● **INSTRUCTIONS TO FOLLOW**
Go from the first line below to the one with "Concurso de gazpacho" and print each line exactly.

---

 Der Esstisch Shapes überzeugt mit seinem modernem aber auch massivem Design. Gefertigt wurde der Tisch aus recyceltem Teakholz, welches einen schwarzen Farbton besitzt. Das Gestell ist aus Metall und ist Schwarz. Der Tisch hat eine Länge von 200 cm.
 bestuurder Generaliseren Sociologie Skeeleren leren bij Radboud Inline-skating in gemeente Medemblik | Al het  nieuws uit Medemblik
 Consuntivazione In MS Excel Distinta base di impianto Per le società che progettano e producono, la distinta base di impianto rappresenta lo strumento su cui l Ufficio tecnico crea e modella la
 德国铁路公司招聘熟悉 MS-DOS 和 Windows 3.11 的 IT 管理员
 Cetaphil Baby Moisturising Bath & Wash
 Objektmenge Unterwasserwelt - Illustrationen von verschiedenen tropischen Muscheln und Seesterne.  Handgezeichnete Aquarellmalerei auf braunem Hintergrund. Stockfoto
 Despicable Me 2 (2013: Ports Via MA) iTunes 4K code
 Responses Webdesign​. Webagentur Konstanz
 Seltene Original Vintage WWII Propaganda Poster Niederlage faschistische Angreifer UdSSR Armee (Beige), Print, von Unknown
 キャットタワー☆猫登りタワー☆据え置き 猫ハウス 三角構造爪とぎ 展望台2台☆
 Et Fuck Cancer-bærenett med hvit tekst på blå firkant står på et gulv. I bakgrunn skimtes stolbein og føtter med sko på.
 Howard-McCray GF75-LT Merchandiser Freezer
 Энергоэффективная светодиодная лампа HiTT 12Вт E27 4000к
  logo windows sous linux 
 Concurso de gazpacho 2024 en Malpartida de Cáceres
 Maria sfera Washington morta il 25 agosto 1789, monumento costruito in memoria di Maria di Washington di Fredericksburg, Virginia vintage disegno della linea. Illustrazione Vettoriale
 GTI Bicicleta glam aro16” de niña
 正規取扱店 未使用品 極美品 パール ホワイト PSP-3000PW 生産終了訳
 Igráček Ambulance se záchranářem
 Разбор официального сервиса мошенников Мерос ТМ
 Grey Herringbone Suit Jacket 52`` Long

---

● **SOLUTION**
 Der Esstisch Shapes überzeugt mit seinem modernem aber auch massivem Design. Gefertigt wurde der Tisch aus recyceltem Teakholz, welches einen schwarzen Farbton besitzt. Das Gestell ist aus Metall und ist Schwarz. Der Tisch hat eine Länge von 200 cm.
 bestuurder Generaliseren Sociologie Skeeleren leren bij Radboud Inline-skating in gemeente Medemblik | Al het  nieuws uit Medemblik
 Consuntivazione In MS Excel Distinta base di impianto Per le società che progettano e producono, la distinta base di impianto rappresenta lo strumento su cui l Ufficio tecnico crea e modella la
 德国铁路公司招聘熟悉 MS-DOS 和 Windows 3.11 的 IT 管理员
 Cetaphil Baby Moisturising Bath & Wash
 Objektmenge Unterwasserwelt - Illustrationen von verschiedenen tropischen Muscheln und Seesterne.  Handgezeichnete Aquarellmalerei auf braunem Hintergrund. Stockfoto
 Despicable Me 2 (2013: Ports Via MA) iTunes 4K code
 Responses Webdesign​. Webagentur Konstanz
 Seltene Original Vintage WWII Propaganda Poster Niederlage faschistische Angreifer UdSSR Armee (Beige), Print, von Unknown
 キャットタワー☆猫登りタワー☆据え置き 猫ハウス 三角構造爪とぎ 展望台2台☆
 Et Fuck Cancer-bærenett med hvit tekst på blå firkant står på et gulv. I bakgrunn skimtes stolbein og føtter med sko på.
 Howard-McCray GF75-LT Merchandiser Freezer
 Энергоэффективная светодиодная лампа HiTT 12Вт E27 4000к
  logo windows sous linux 
 Concurso de gazpacho 2024 en Malpartida de Cáceres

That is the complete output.